Though marriage is still as important as it was when they were first married, traditions have evolved and changed since then.

Divorce, for example, is much more common, and couples are opting to get married later in life, live together without being married, and have children first before they take time to plan a wedding.

Other traditions are not as universal as they once were. For couples over the age of 55, 97% of them have adopted the husband’s name.

In contrast, nearly three-quarters of young married couples today have adopted the husband’s name.

The Duke of Edinburgh famously took issue with adopting his wife’s last name.

After the Queen’s accession, the monarch declared the Royal Family’s surname would continue to be Windsor and not Mountbatten.
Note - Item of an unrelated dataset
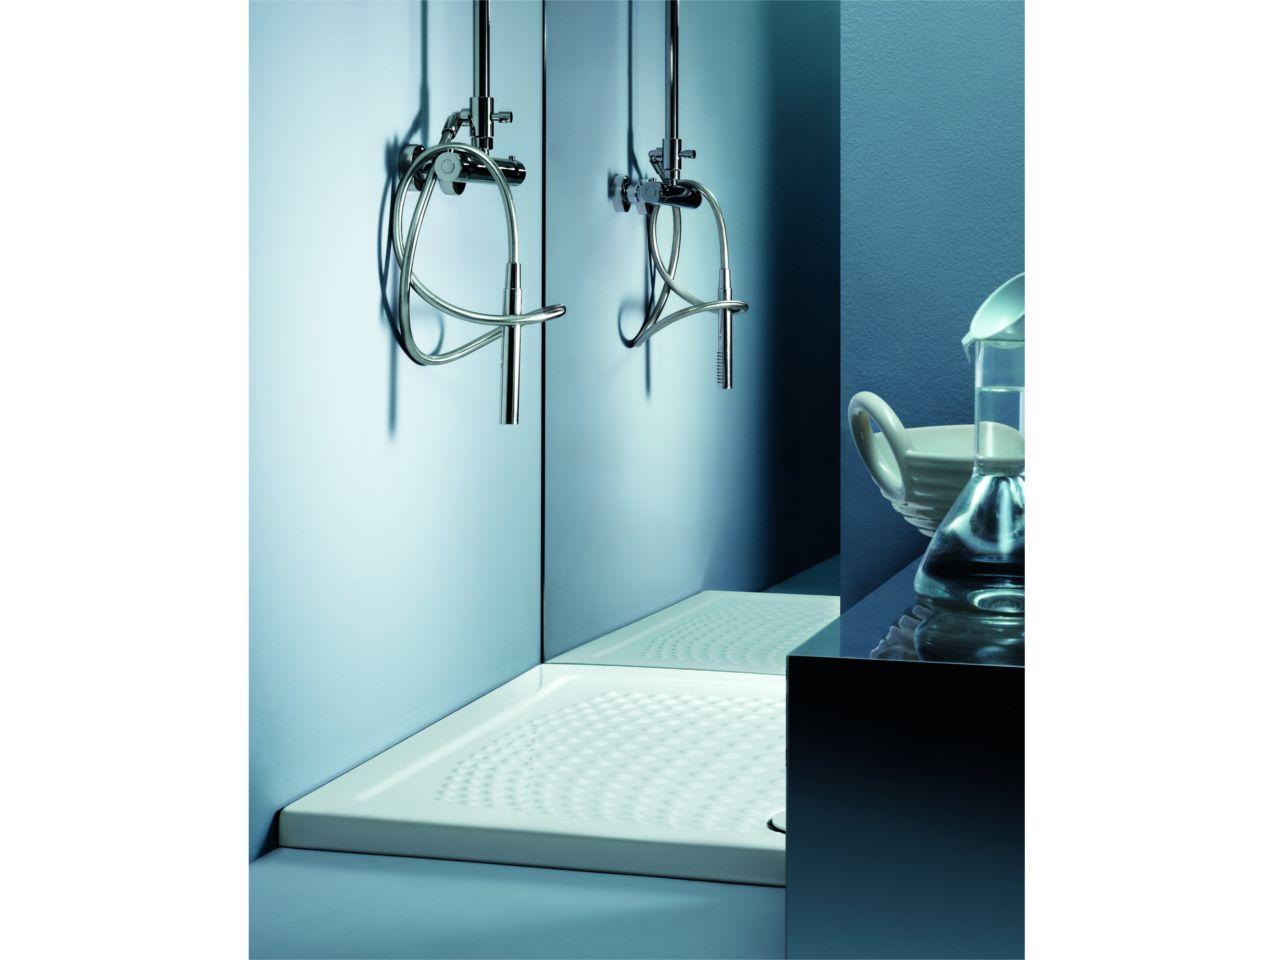 Piatto doccia energy 80x100xh3 5 bianco venduto da for Doccia iperceramica
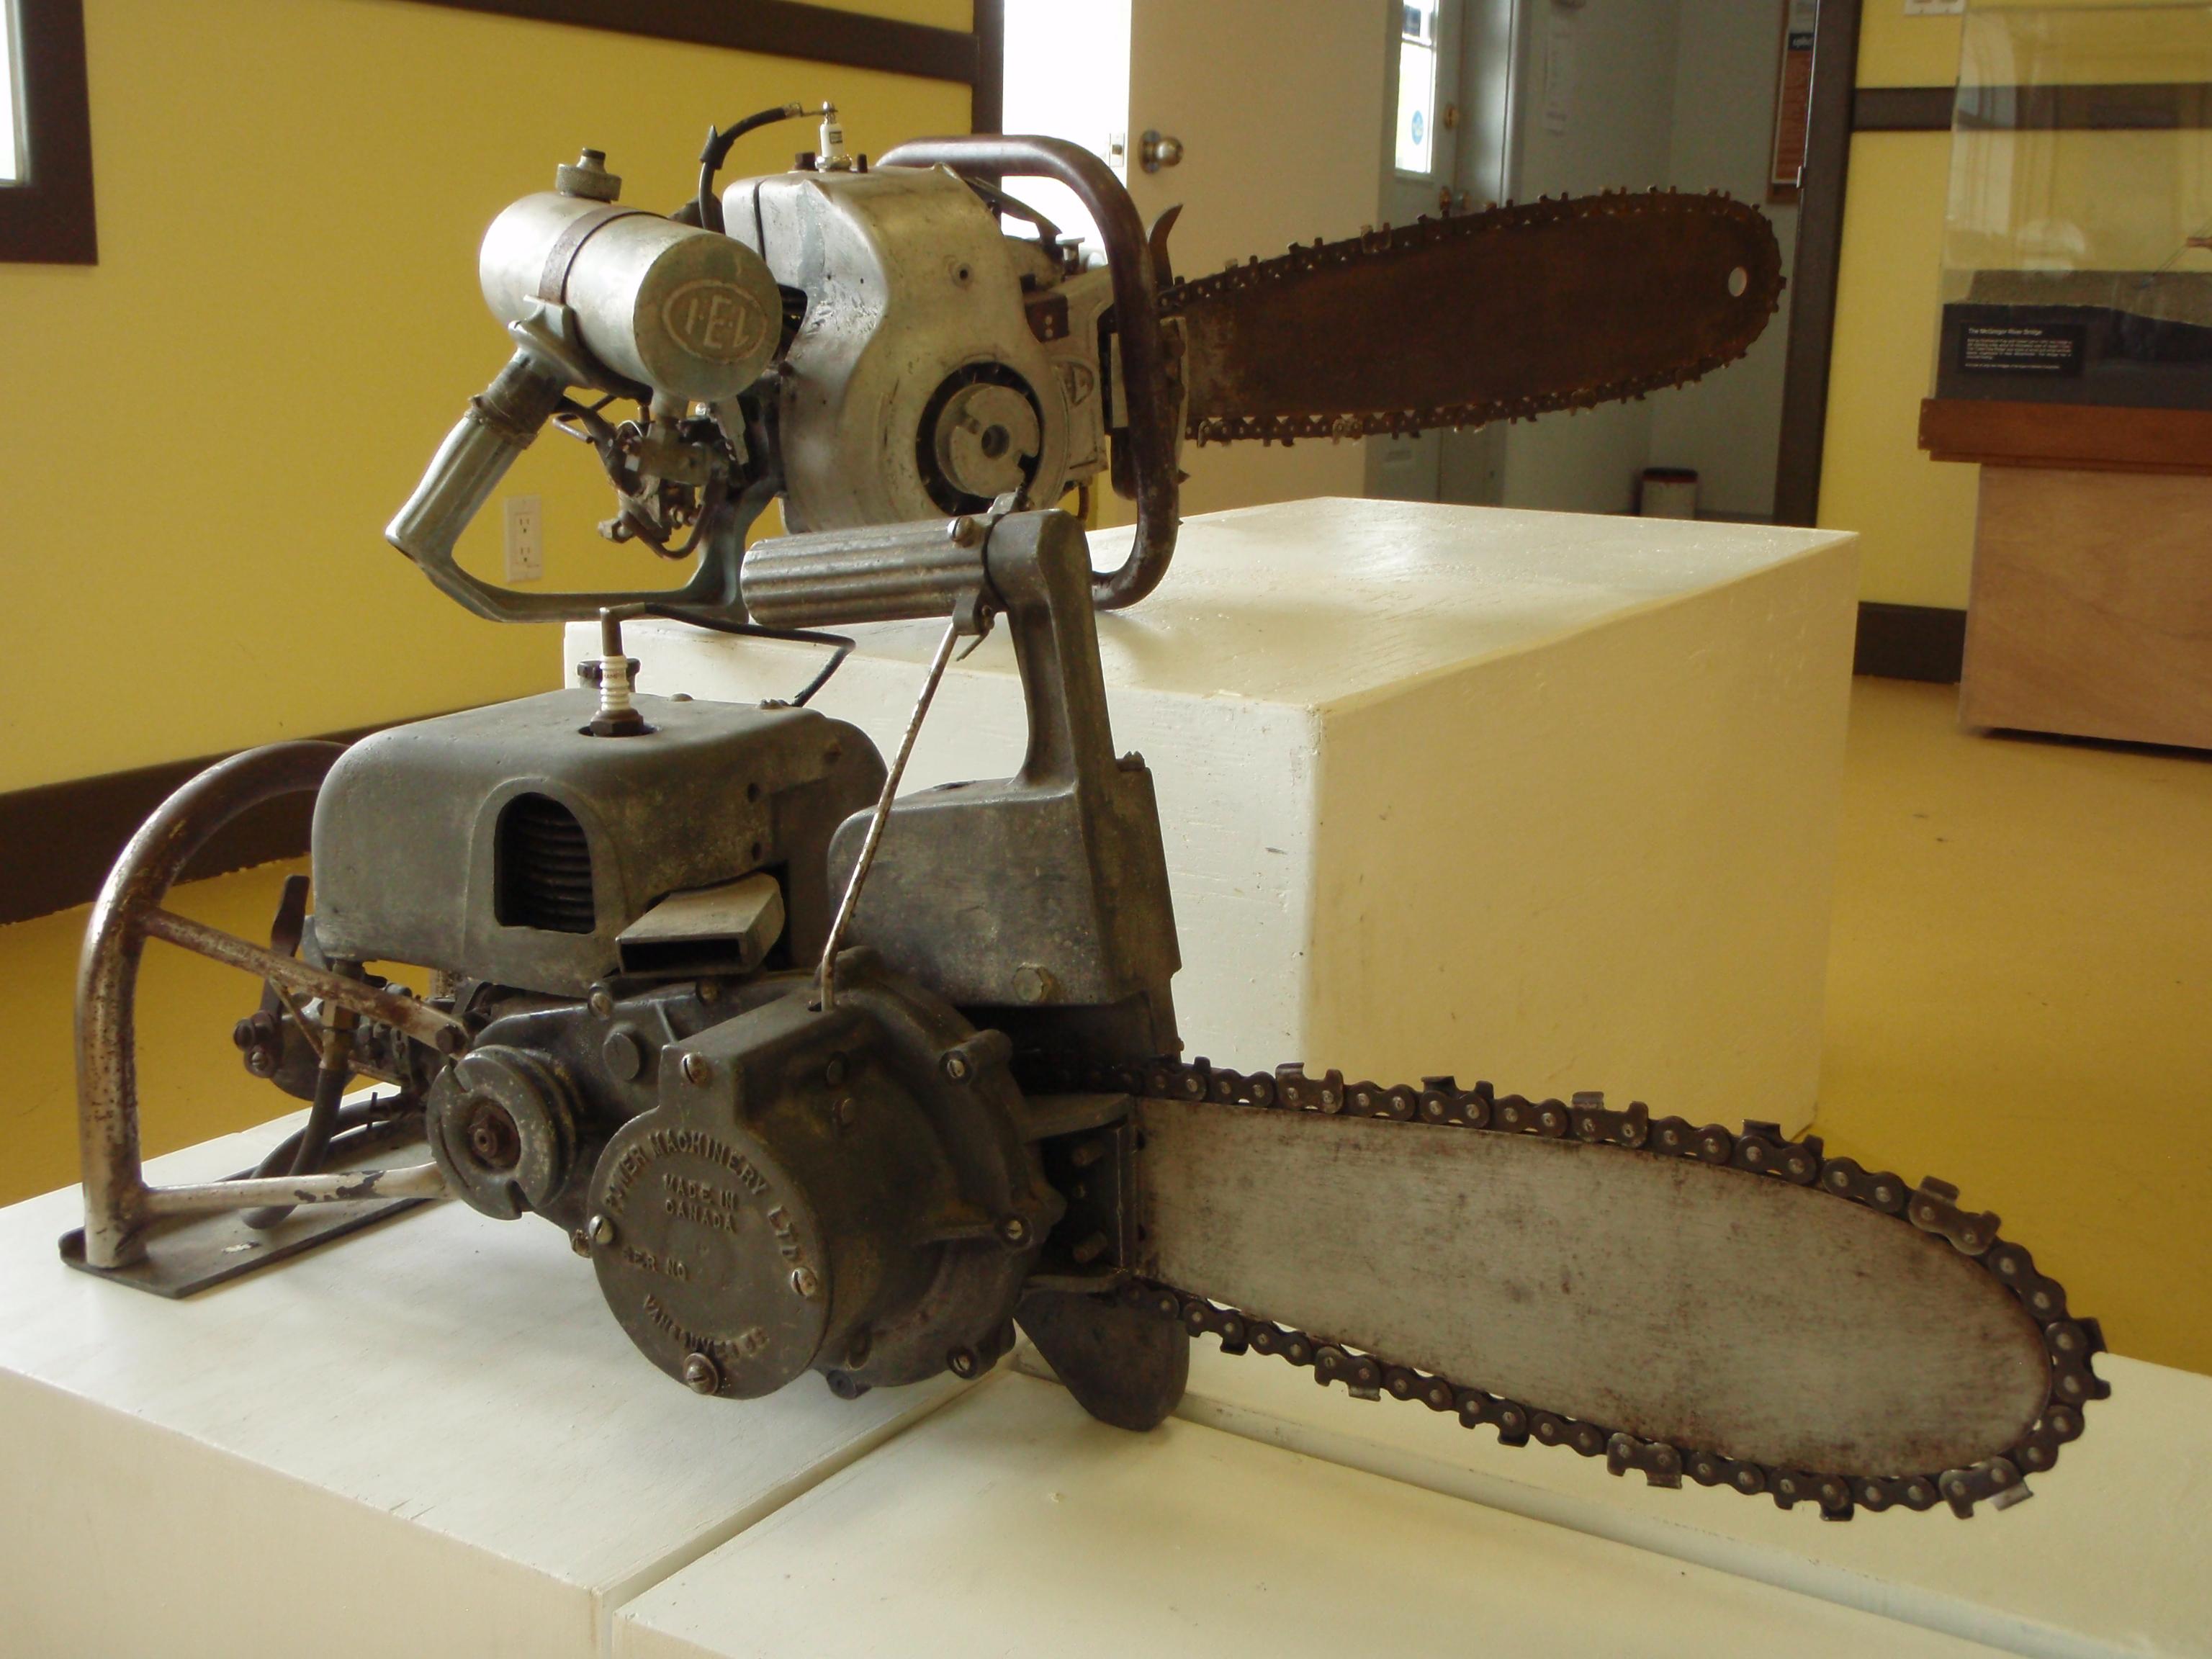 Vintage Chainsaws For Sale Kitchener

“I’m just a bloody amoeba,” it’s claimed he said. “I am the only man in the country not allowed to give his name to his own children.”

Today, the Duke of Edinburgh would be in better company – one in 10 men between the ages of 18 and 34 choose to take their wife’s surname.

However, many families are choosing not to change their names at all – particularly since marriage is happening later in life, many women have established careers using their maiden name and choose to carry on using it after they are married.

More often families are also choosing to have children use the mother’s family name, rather than automatically using the father’s, signalling a shift in thinking since the Queen was first married.

Today at Speakers Corner we’re asking you: should women still change their name when they get married? Is this an important tradition that should be preserved or one that should change with modern times?